でもここまで徹底的に分析するってすごいですよね。
裁判の勝ち負けで莫大なお金が動くから必死なんでしょうね。
いい映画のチョイス、ありがとうございました。
なるほど、確かにあの髪をバサバサする仕草には惹かれるところがありますね。
この作品では、ちょっと仕草や言葉に大きな意味があることが多く、ときどき戻して観直しすることがありました。よくここまで伏線をはっているなーと感心してしまいます。(^^)
トラックバックありがとうございました。
それはそれは、ぜひ再見しましょう。(^^)
この裁判でも銃器メーカーが相手で、しかも負けてしまうとこれからの事例を作ってしまうこともあって、巨額のお金が動いていましたね。
負けることができないとき、人間はここまでやる!という一例でしょうか。
でも、そういう部分が今までにない面白さを出していましたね。
この映画、懐かしいですね〜。
私はジョン・キューザックがけっこう好きなので観た作品なんですが、最初の出だしからなかなか面白くて、これは当たりだ!と思った映画でした。
陪審員に選ばれたニコラスとマーリーが実は裏がある、という設定がまず面白かったです。
本当に、これは裁判ものというよりサスペンス映画として楽しめる作品でしたね。
最近、『2012』を観に行ってきたんですが、この映画ではジョン・キューザックの魅力があまり活かされていなかったように思います。
彼はやっぱり超大作の作品より、こういう小品ながらもドラマ性のある作品の方が魅力を発揮する役者さんだと感じましたね。(^^)
観られていましたか!
最初からツカミはバッチリでしたね。私もこういう世界があるんだ!と引き込まれてしまいました。
裁判自体はちょっとおざなりになっていた感はありましたね。どうしても裏で行われている事に注意がいってしまいますし…でも、そういう点から考えるとサスペンスとしては非常によくできていた作品だと思います。
「2012」もジョン・キューザックが主人公だったのですね。
この映画はスペクタクルで、この映像を見ろ!凄いだろう!というメッセージがひしひしと感じられていますからね。(^^;
一言いいたいコーナーではいつもはっとさせられます。それぞれの何気ない行動に隠された意味、伏線の数々・・・今度観る時は見逃さないようがんばりたいです!

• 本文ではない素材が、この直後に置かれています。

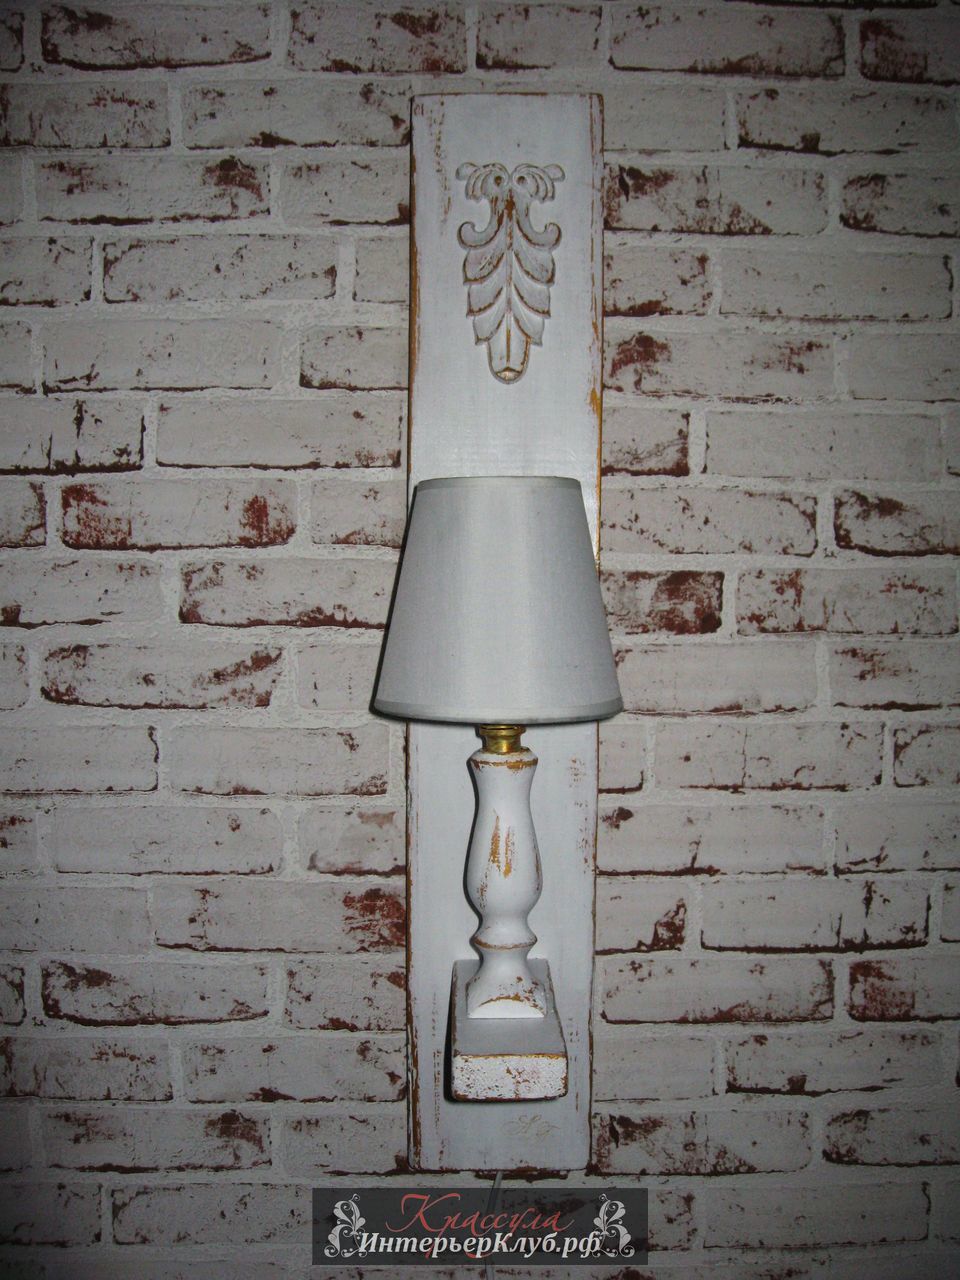 24 Светильник  Белз - амбарная доска, с элементами декора, цвет белый с золотом.  Эксклюзивные светильники ручной работы, авторские светильники ручной работы

>ニコラスとマーリーがこれから育っていく子供たちを見ながら見せる表情、そしてローアの表情が素晴らしい。
このラストはほんといいですよね〜。フィッチにも見せてやりたいくらいだけど・・・見ても彼には理解できないですかね〜?
各所に伏線が貼られているので、真相がわかった後で観ても新たな発見が出来るのは凄いと思います。
私は観るときにはメモしながら観ているので、よけいに気になるのかもしれません。(^^;
ラストは本当によかったですねぇ。
フィッチは確かに…理解するのは難しそう。
トラックバックありがとうございました。